“This Raid is just full of surprises,” John commented.
The roads all converged around another plaza and on the plaza were two noteworthy structures. One was the inner keep itself, the centre of the entire Segment. It was surprisingly small for the vast area around it. A singular, open gate led into a large throne room. The throne itself was just out of view from outside the building. John could spot the dais it was located on, however.
The other building was a massive cathedral. Despite all of the decrepit architecture around them, the religious building was kept mostly intact. Dust and cobwebs had been carefully cleaned, leaving behind only the soot and ash that was inherent to the burning undead of the area. Even that had been scrubbed off the great stained glass windows. The circular diorama atop the entrance depicted a wheel made of bone, iron and fire.
“Which path do you believe we ought to take?” Romulus asked.
“If we are going for the full clear, we have to identify which one is the ‘wrong’ path forwards.” John recalled the words of the Hellboar once more. ‘To break the seal of flame, you must make an avatar of the first one to accept the curse of fire. Find the burning wheel and offer it at the herald’s circle, to empower the master of the castle.’ He paused for a moment. ‘The herald’s circle is behind us… and the location of the wheel should be pretty obvious.’
Thus, they entered the cathedral. Every step echoed on the ancient stone. The further they advanced into the building, the stranger it became. Crosses were littered about, the Christian kind, alongside wheels both of wood and metal. Skeletons had been broken into the spokes of some wheels. They quivered still with the un-life, but served only as set pieces.

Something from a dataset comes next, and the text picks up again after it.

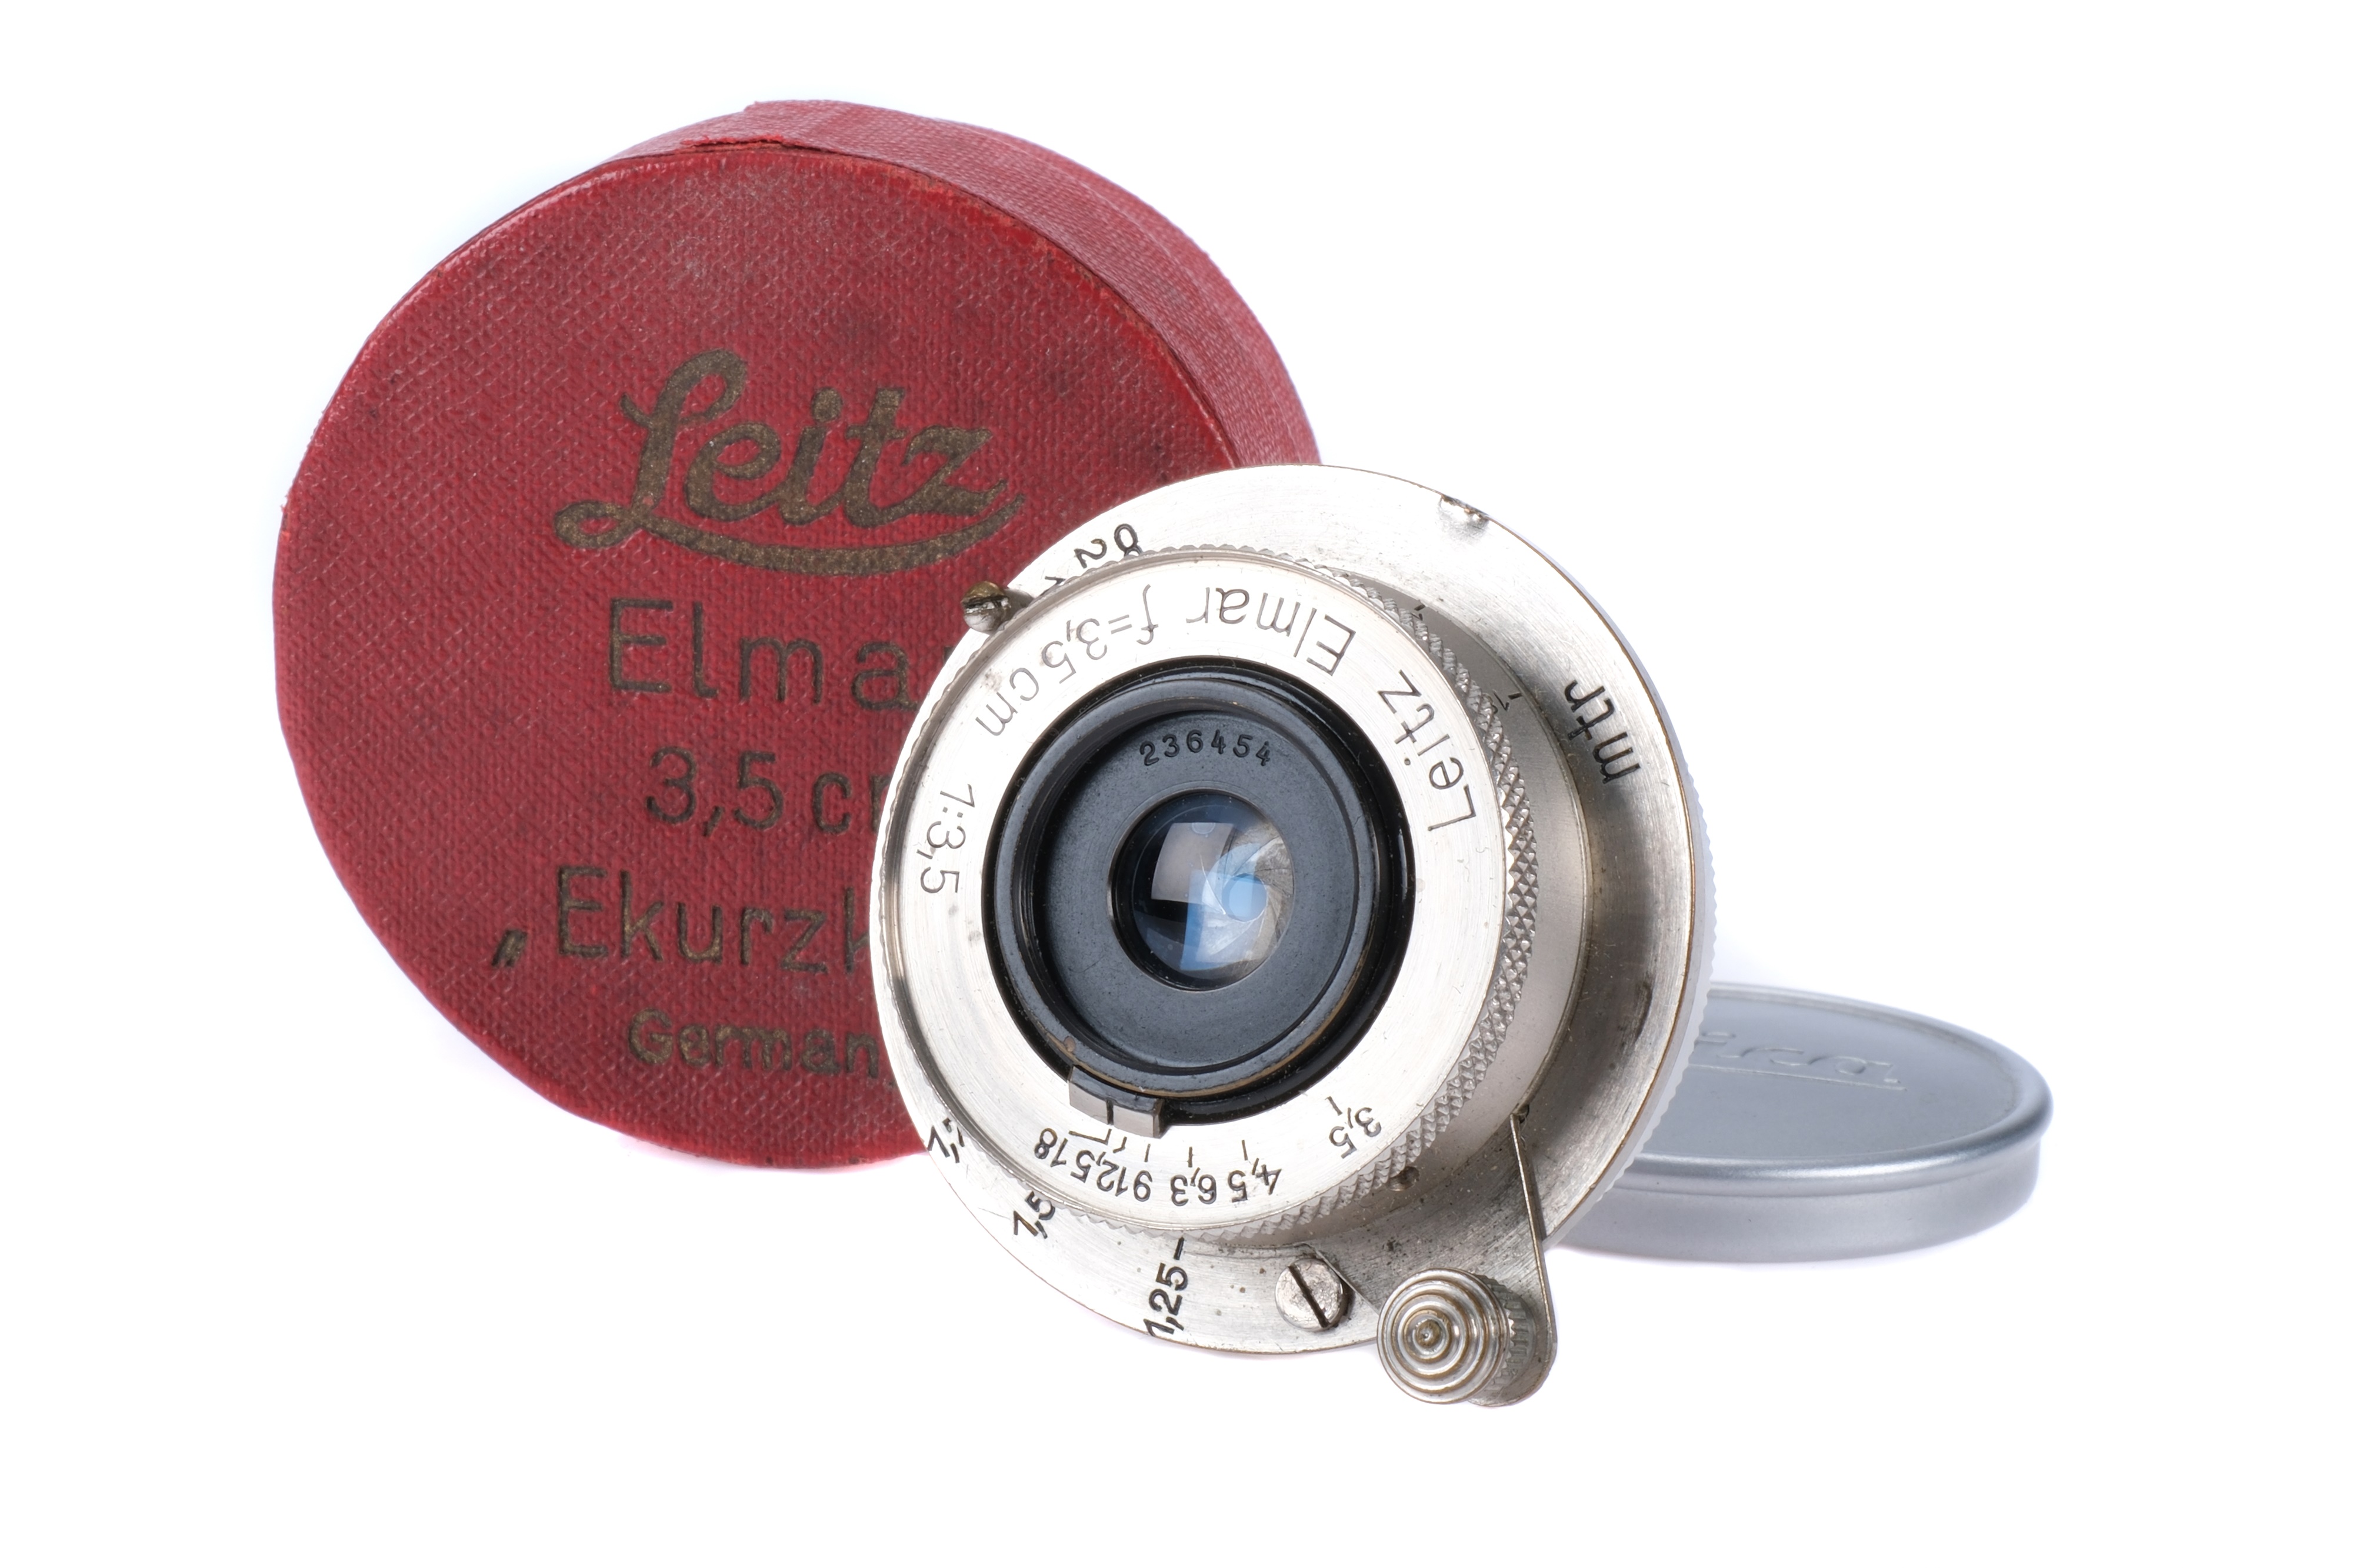 A Leitz Elmar f/3.5 35mm Lens,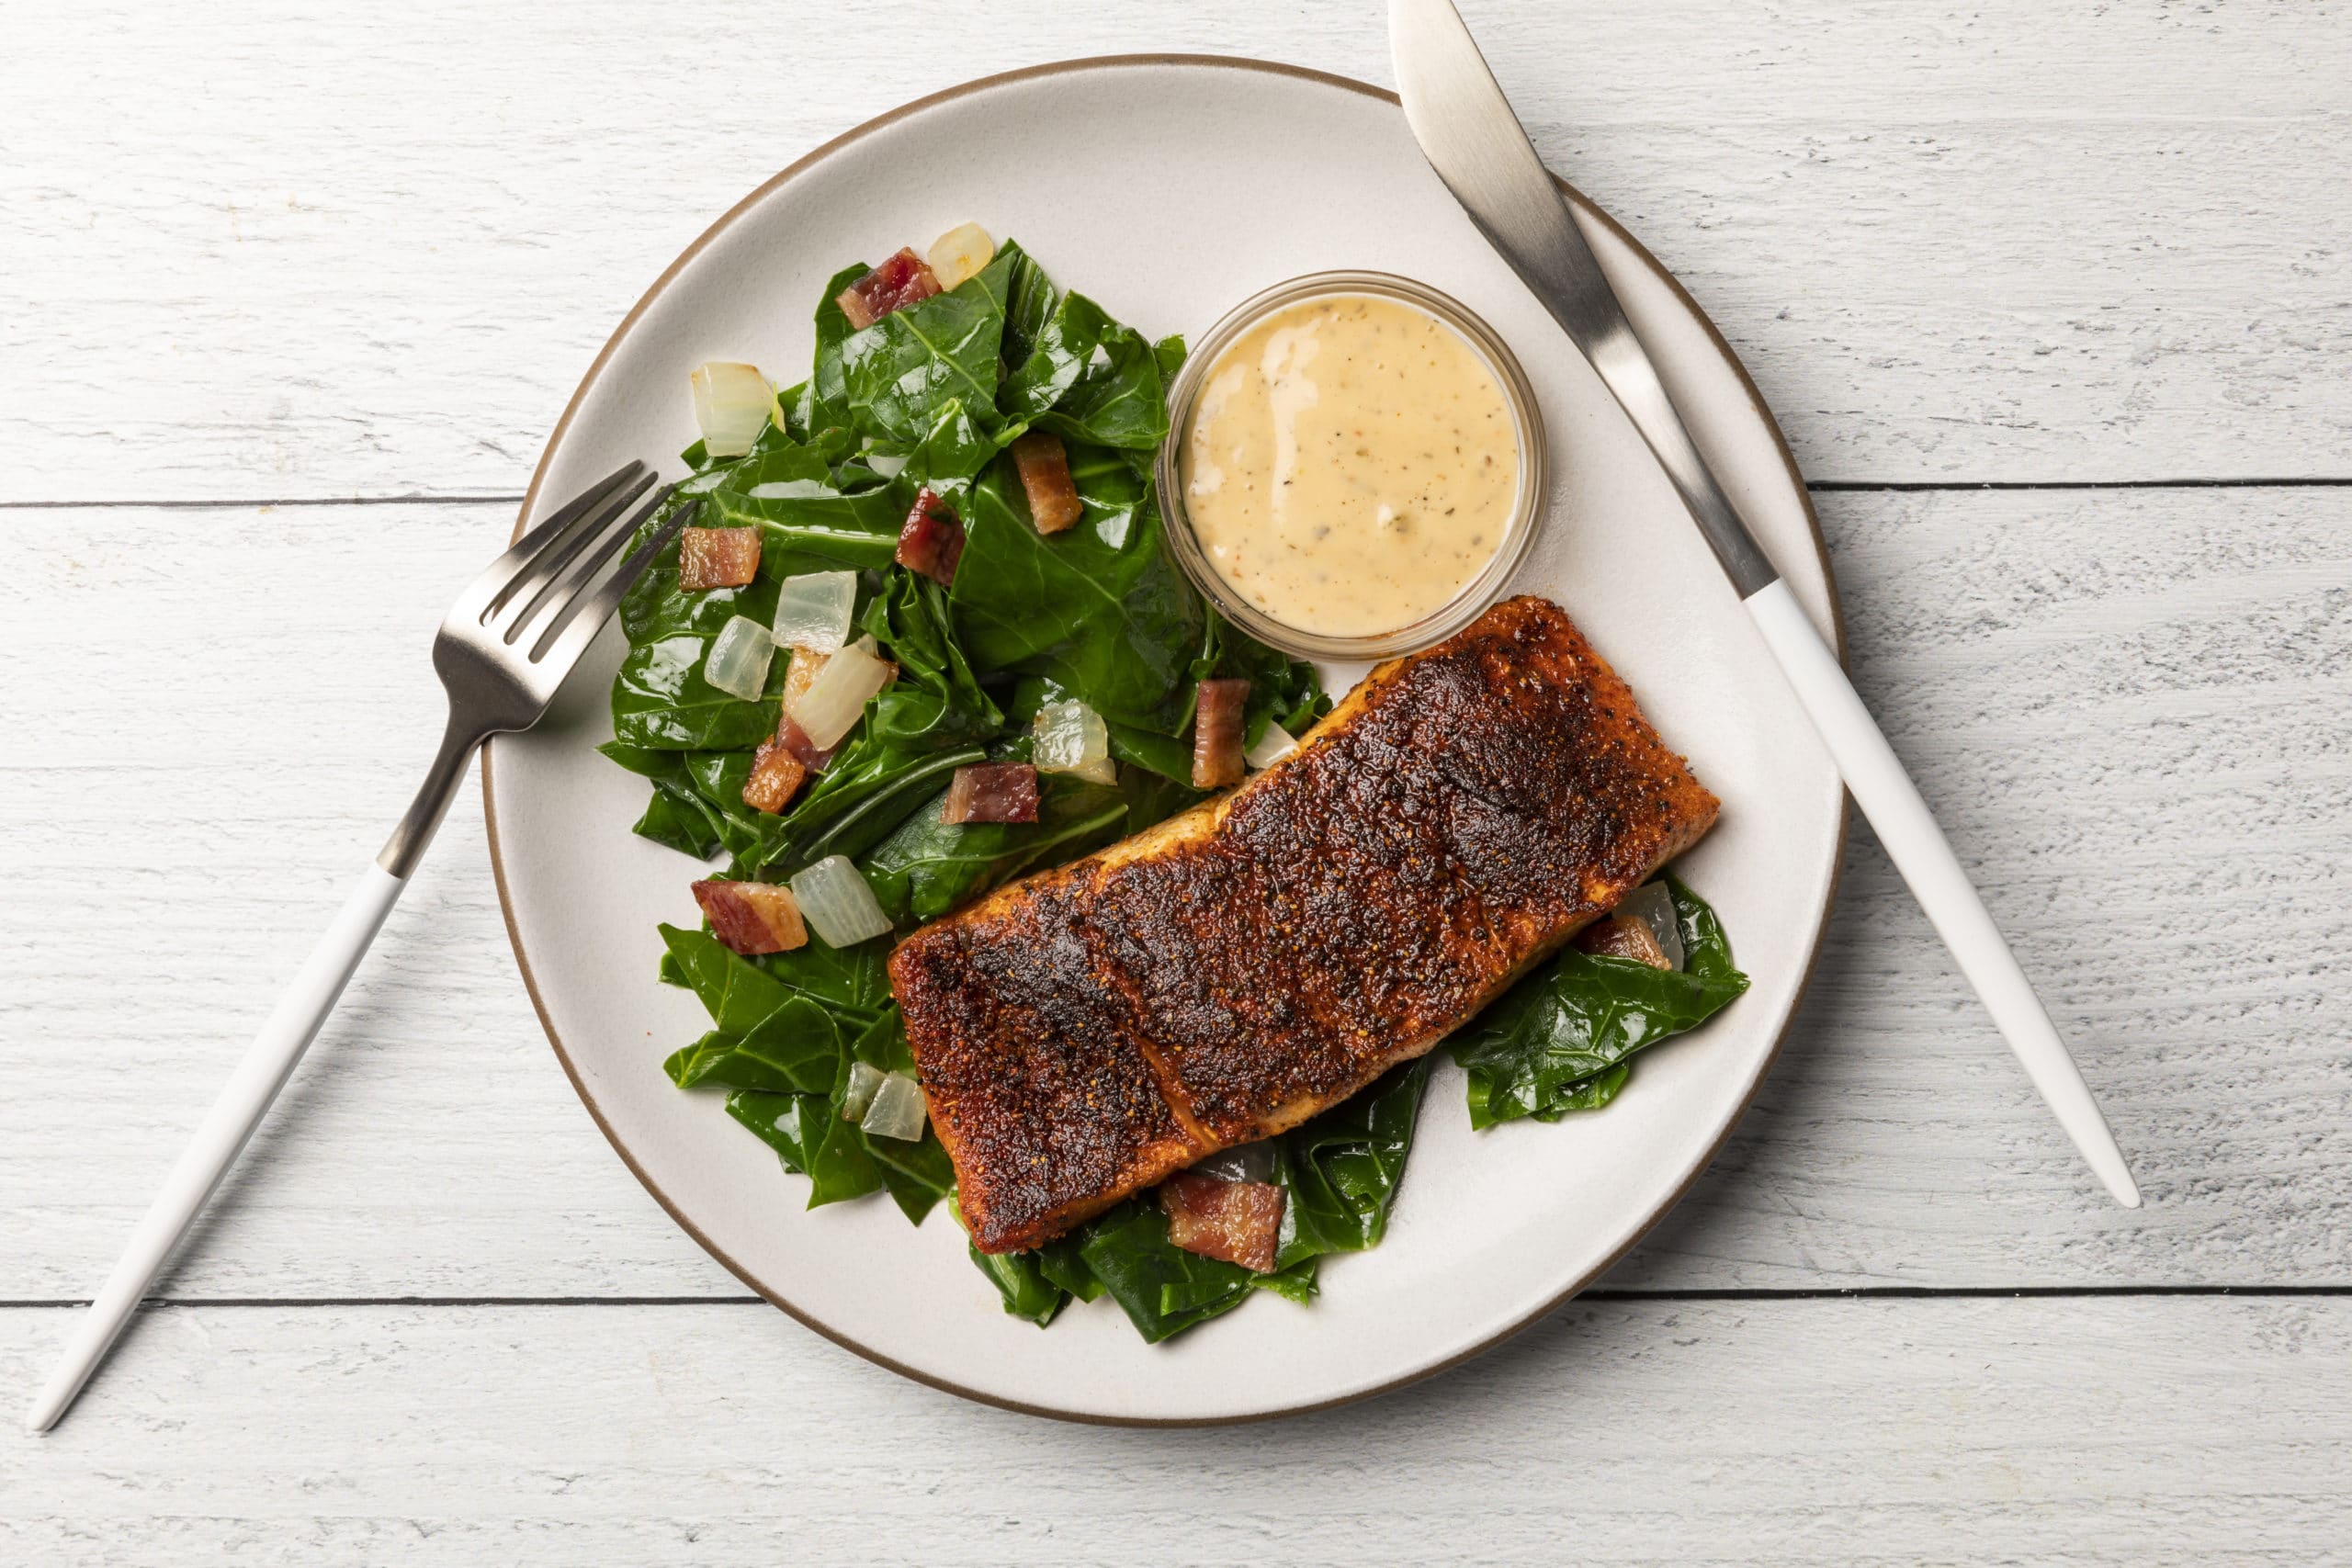 Gluten-free, keto-friendly, Whole30 approved Cajun Salmon

What was stranger than any of this were the walls. Simple religious architecture began to fracture and meld, break and stack on top of itself in glitched structures of arches and interrupted windows. It was as if various assets clipped into each other. By the time they found the congregation, not even the distances in the room made sense anymore.
The floor was covered in lesser undead. The skeletons were bereft of the flame that animated their kin. Tiny sparks remained in their eye sockets, enough to indicate that they were all staring up at the boss monster.
Like the goliaths before, it was a fusion of a multitude of melted skeletons. Hundreds, if not thousands, must have been necessary to achieve the mass of the creature. Wooden influences appeared to weave in. Particularly the left arm of the monster looked more like a grafted, dead tree than a skeletal hand. The rotund torso and skull of the creature vaguely resembled a tortoise.
[ charged forwards before John could even read the Observe window. Not that him reading it would have made any difference. The fight unfolded with the usual straightforwardness that the Apex engaged in.
The skeletons on the ground were blown to bits in the first exchange of blows. Romulus met the attacks of the Bone Turtle (that was the boss’ uncreative name) head on. Each time mace and giant limbs met, the Godslayer was shoved in one direction or another. In the corner of his vision, John could follow Romulus’ HP dropping a little bit each time he was hit. This enemy actually overcame the Apex’s base defences.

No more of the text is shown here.